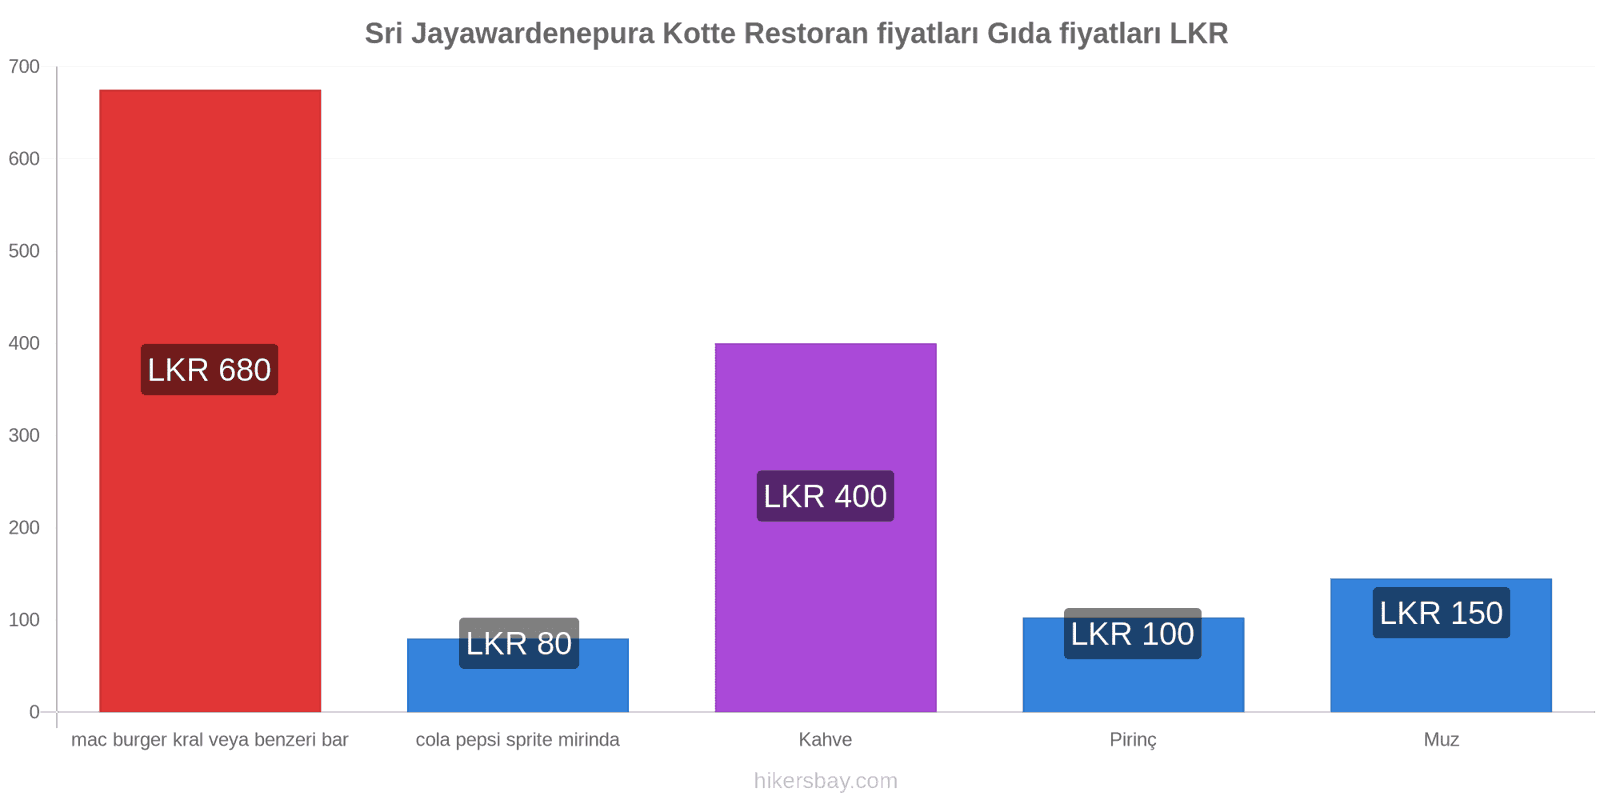 Sri Jayawardenepura Kotte fiyat değişiklikleri hikersbay.com
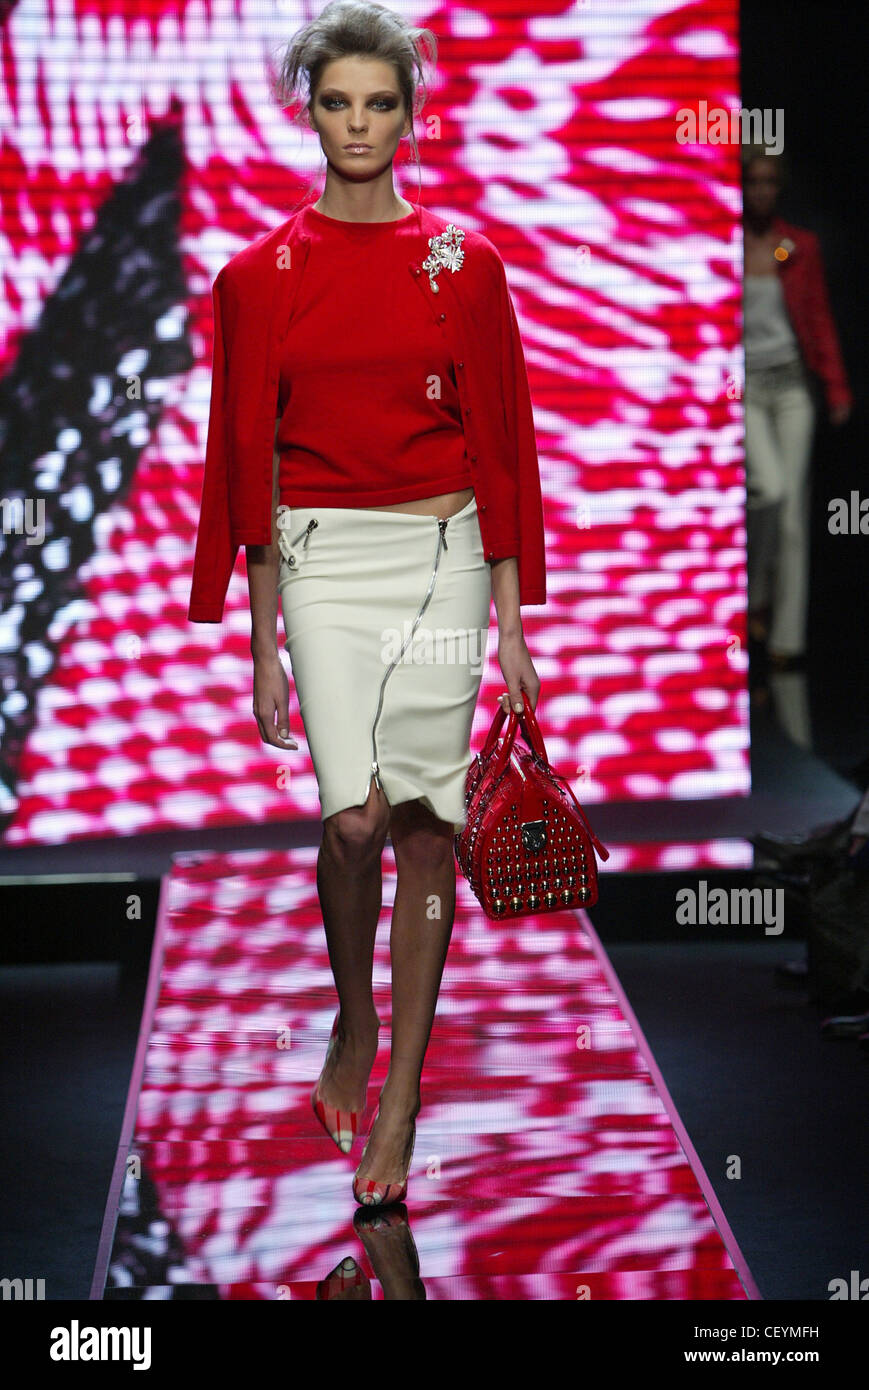 Versace Milan Automne Hiver Modèle bouffant brunette cheveux visage, wearing red top, red cardigan drapé sur les épaules de l'argent Banque D'Images
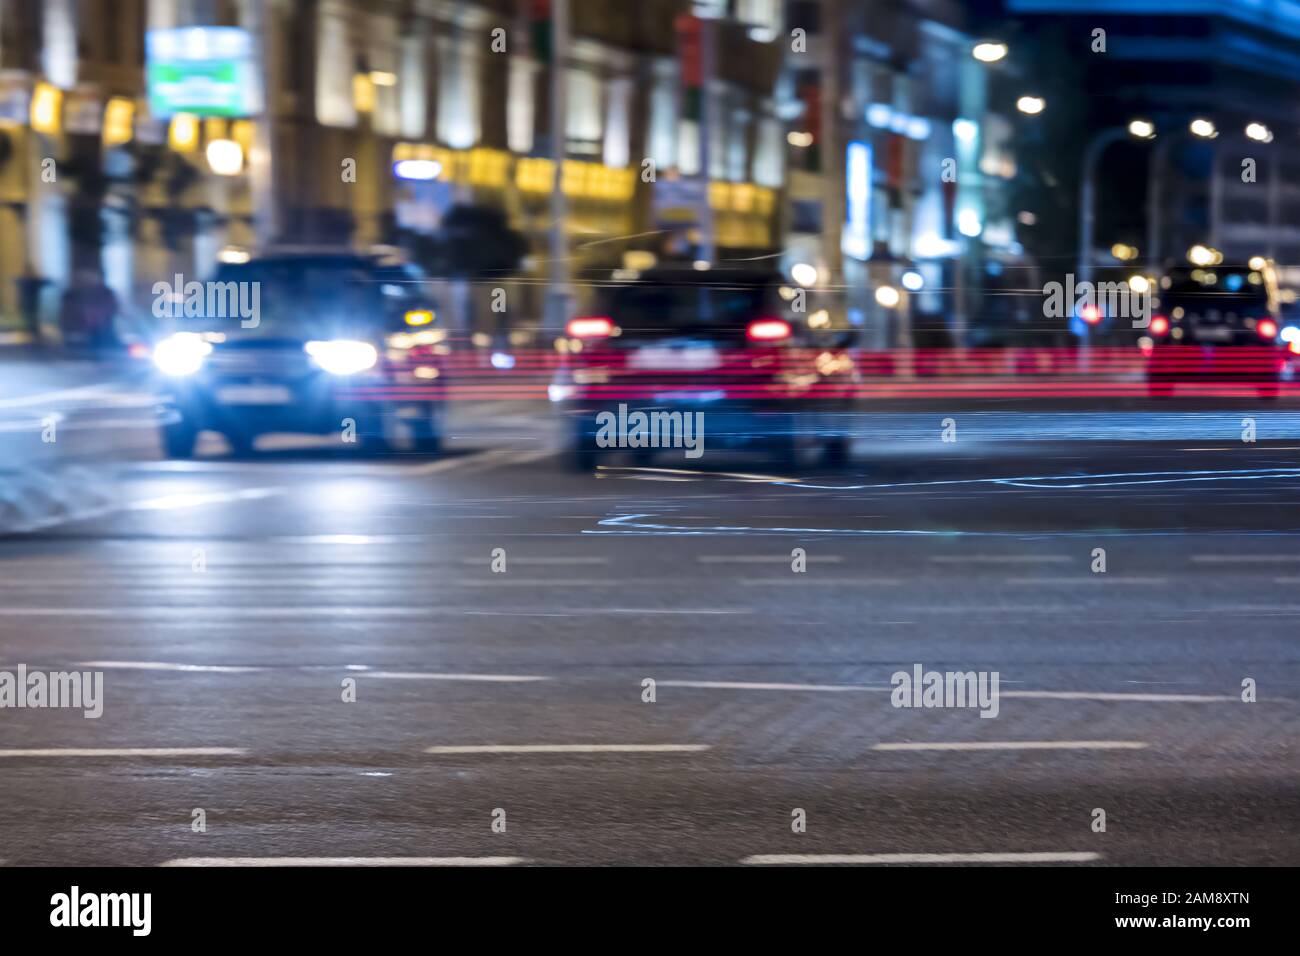 Farbenfrohe, verschwommene Autolampen, die die nächtliche Straße der Stadt beleuchten Stockfoto
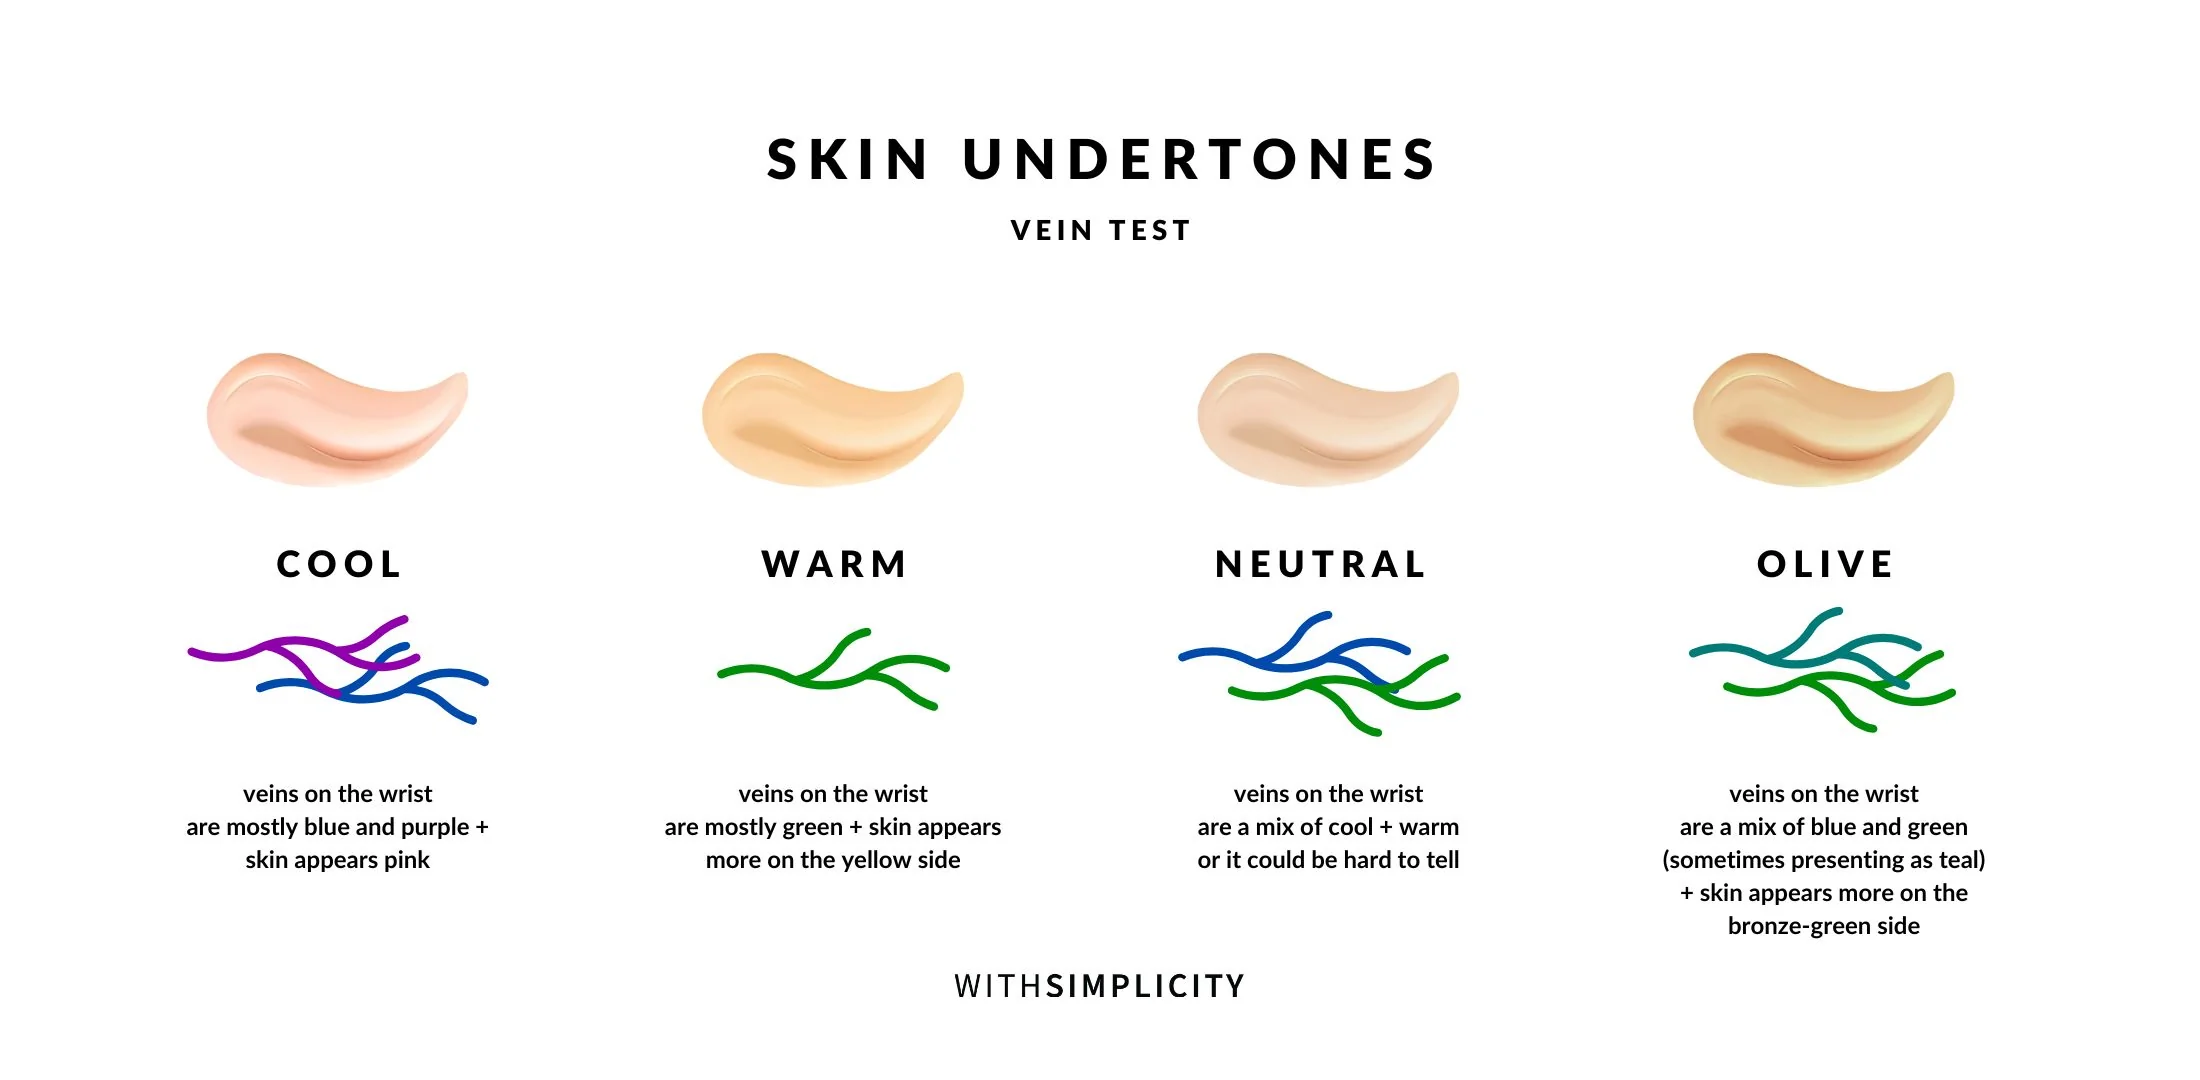 انواع رنگ پوست - تناژ مختلف پوست 
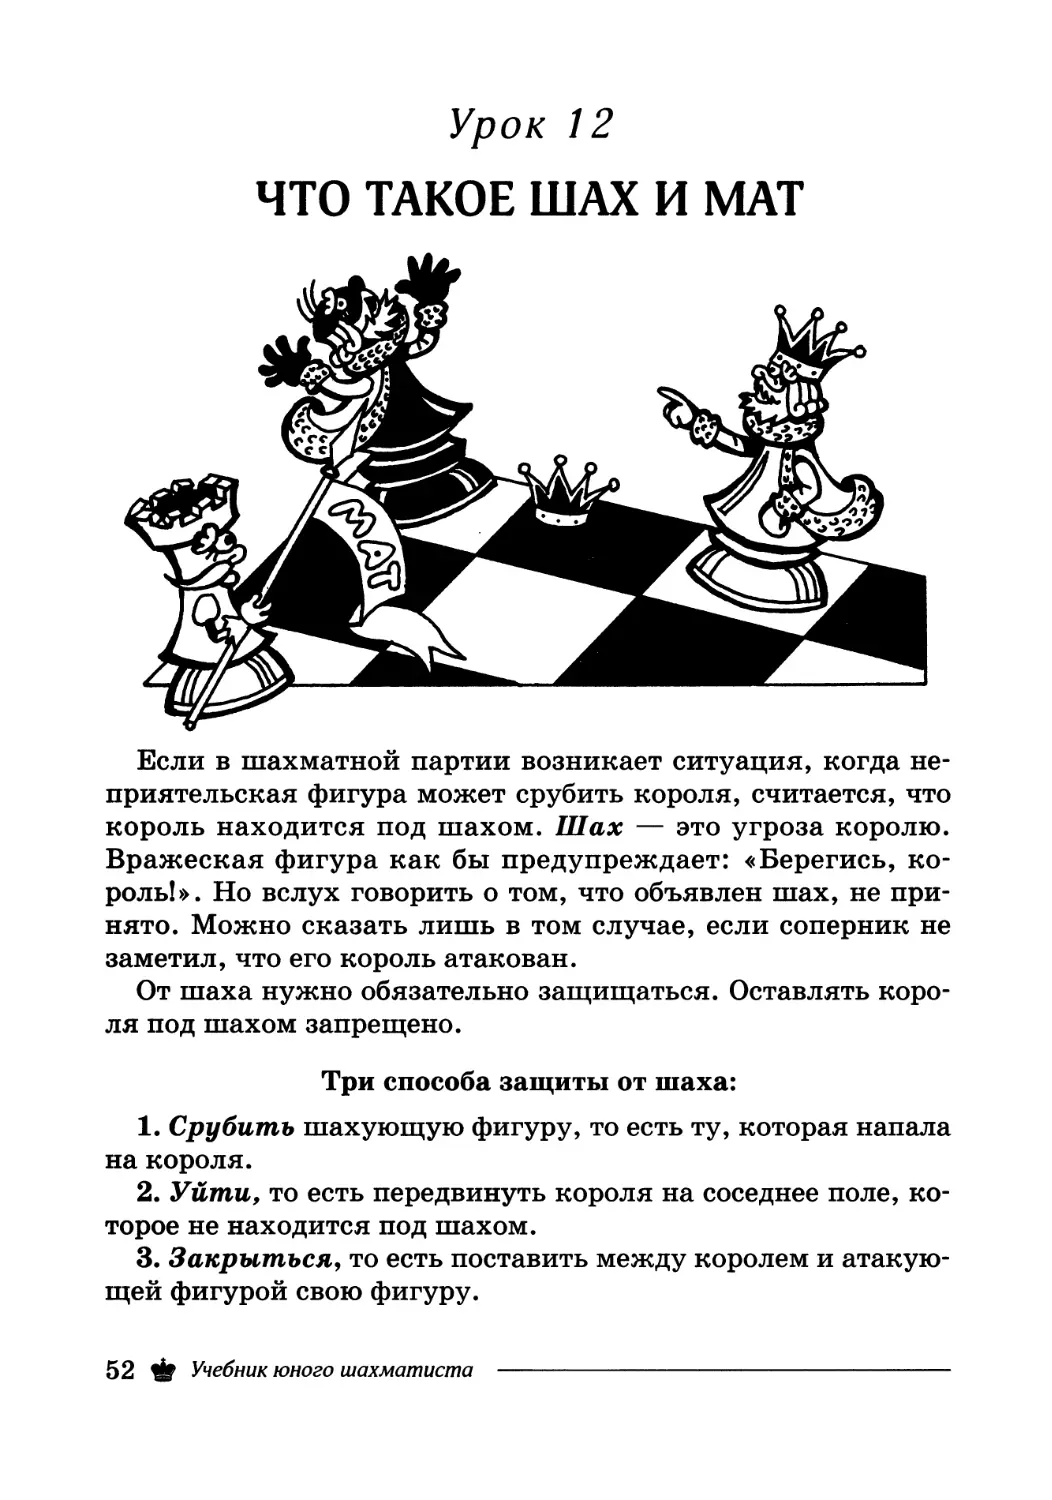 Урок 12. Что такое шах и мат

-------

◆ Task directions
Pictures do not go in the copy; print every entry exactly as it stands.

◆ Answer box
 Sri Jayawardenepura Kotte fiyat değişiklikleri hikersbay.com
 Versace Milan Automne Hiver Modèle bouffant brunette cheveux visage, wearing red top, red cardigan drapé sur les épaules de l'argent Banque D'Images
 Farbenfrohe, verschwommene Autolampen, die die nächtliche Straße der Stadt beleuchten Stockfoto
 انواع رنگ پوست - تناژ مختلف پوست 
 Урок 12. Что такое шах и мат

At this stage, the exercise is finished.